* _Task requirements_:
Entries below include pictures. Output exactly the lines from the one with "La quantità ideale" down to the one with "a sunken ww2 submarine", both ends included, and leave the pictures out.

* _Study material_:
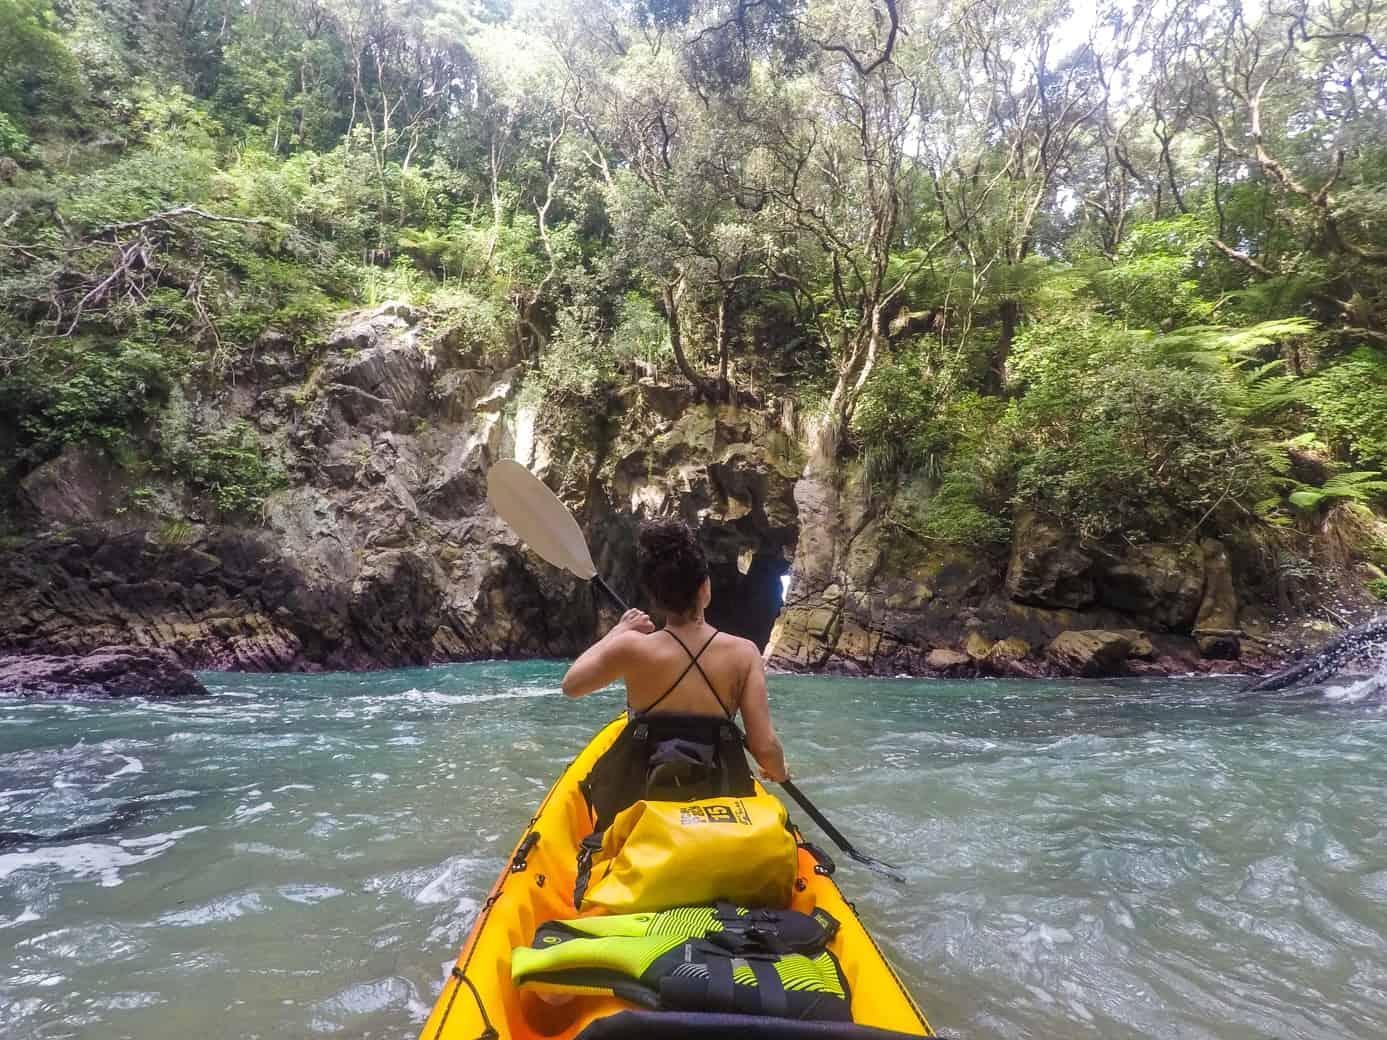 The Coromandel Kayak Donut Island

---

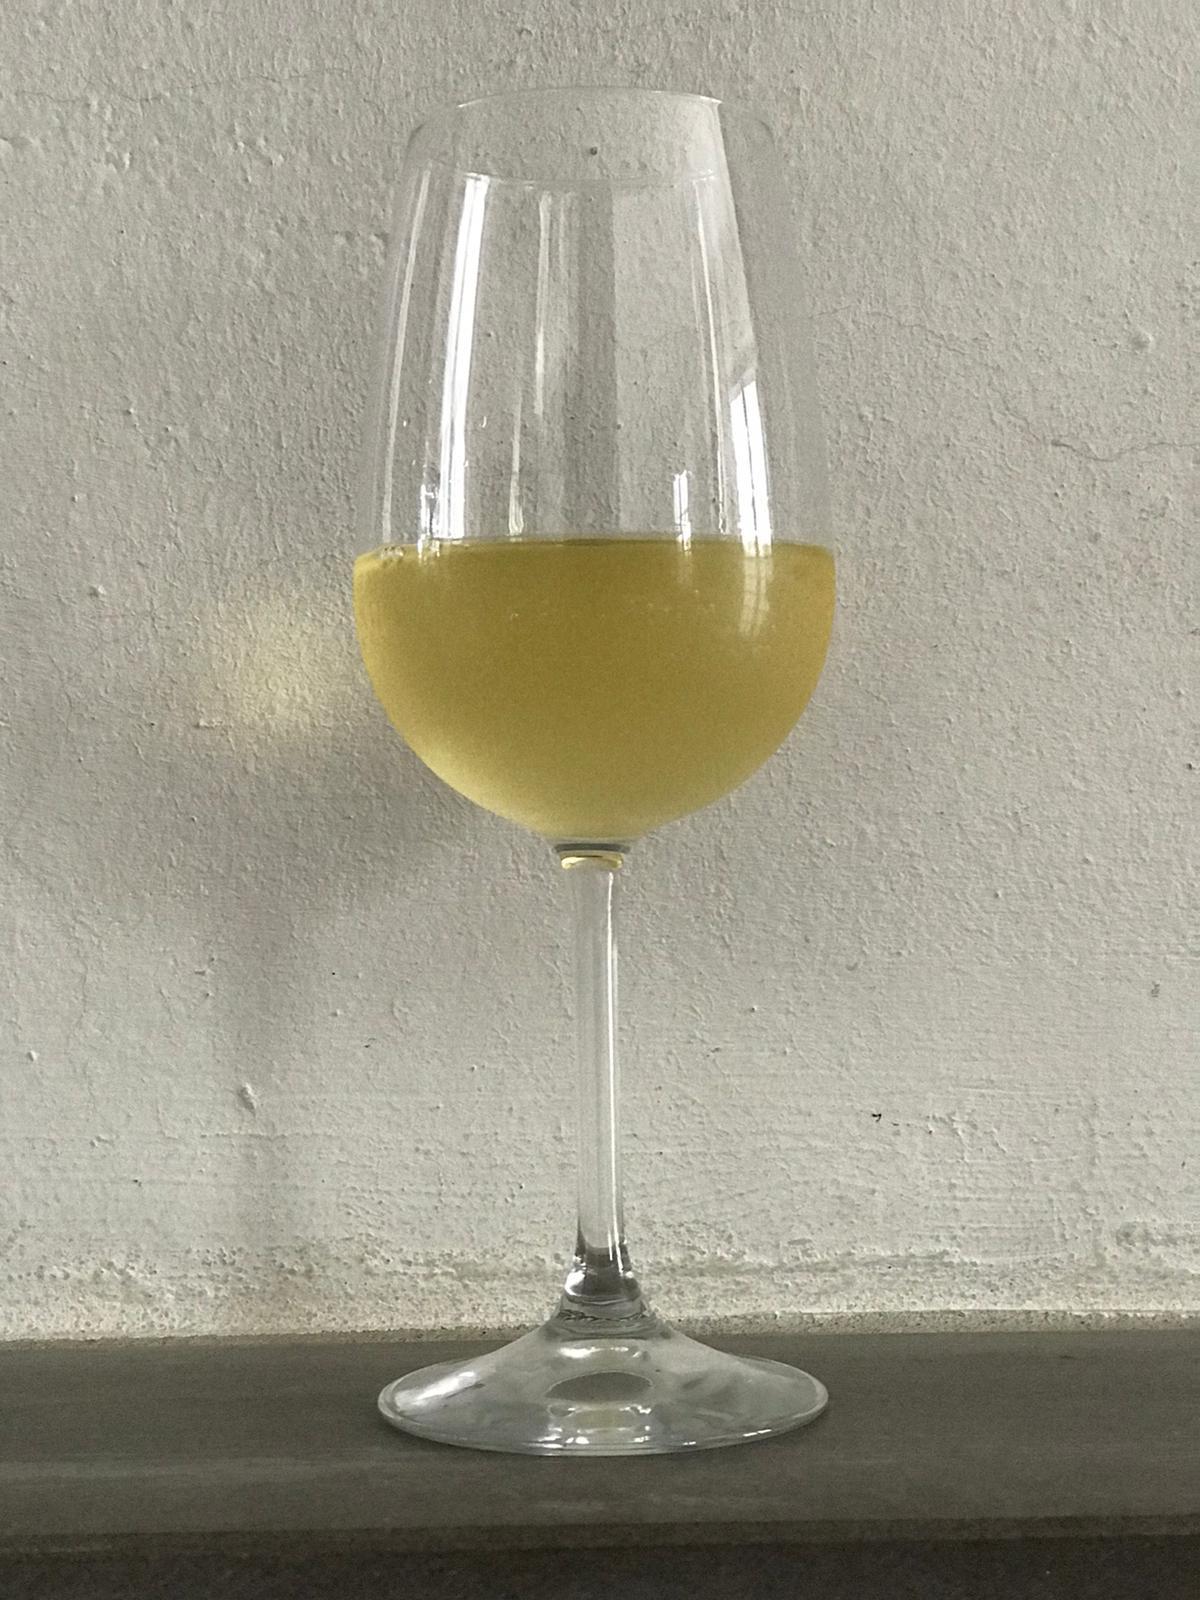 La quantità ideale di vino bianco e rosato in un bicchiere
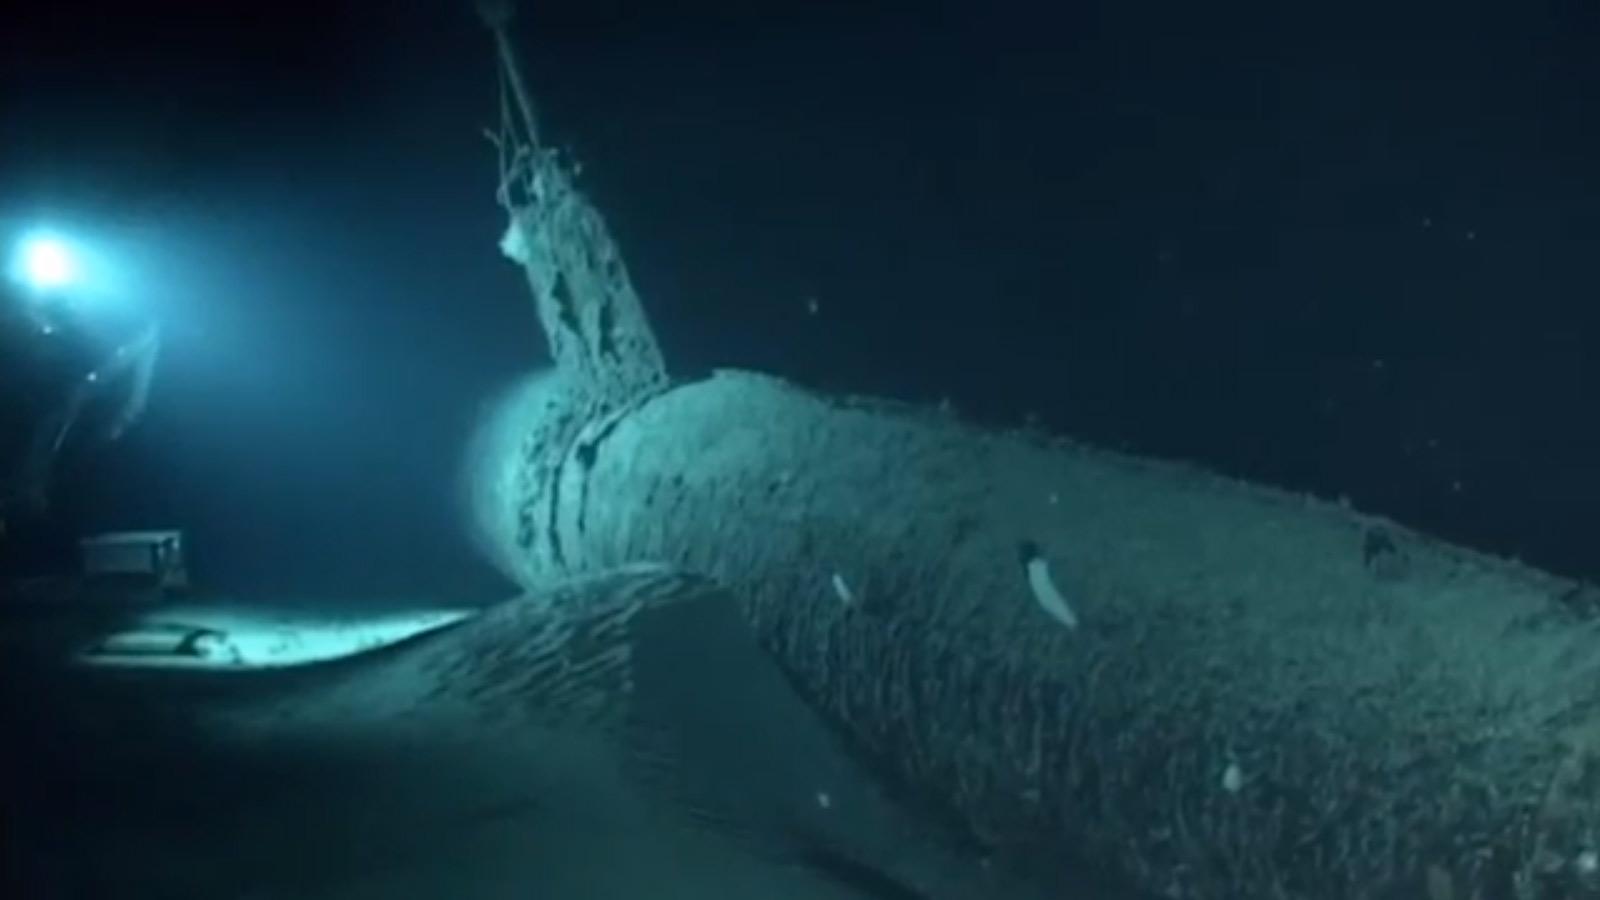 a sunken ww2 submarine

* _Exercise solution_:
 La quantità ideale di vino bianco e rosato in un bicchiere
 a sunken ww2 submarine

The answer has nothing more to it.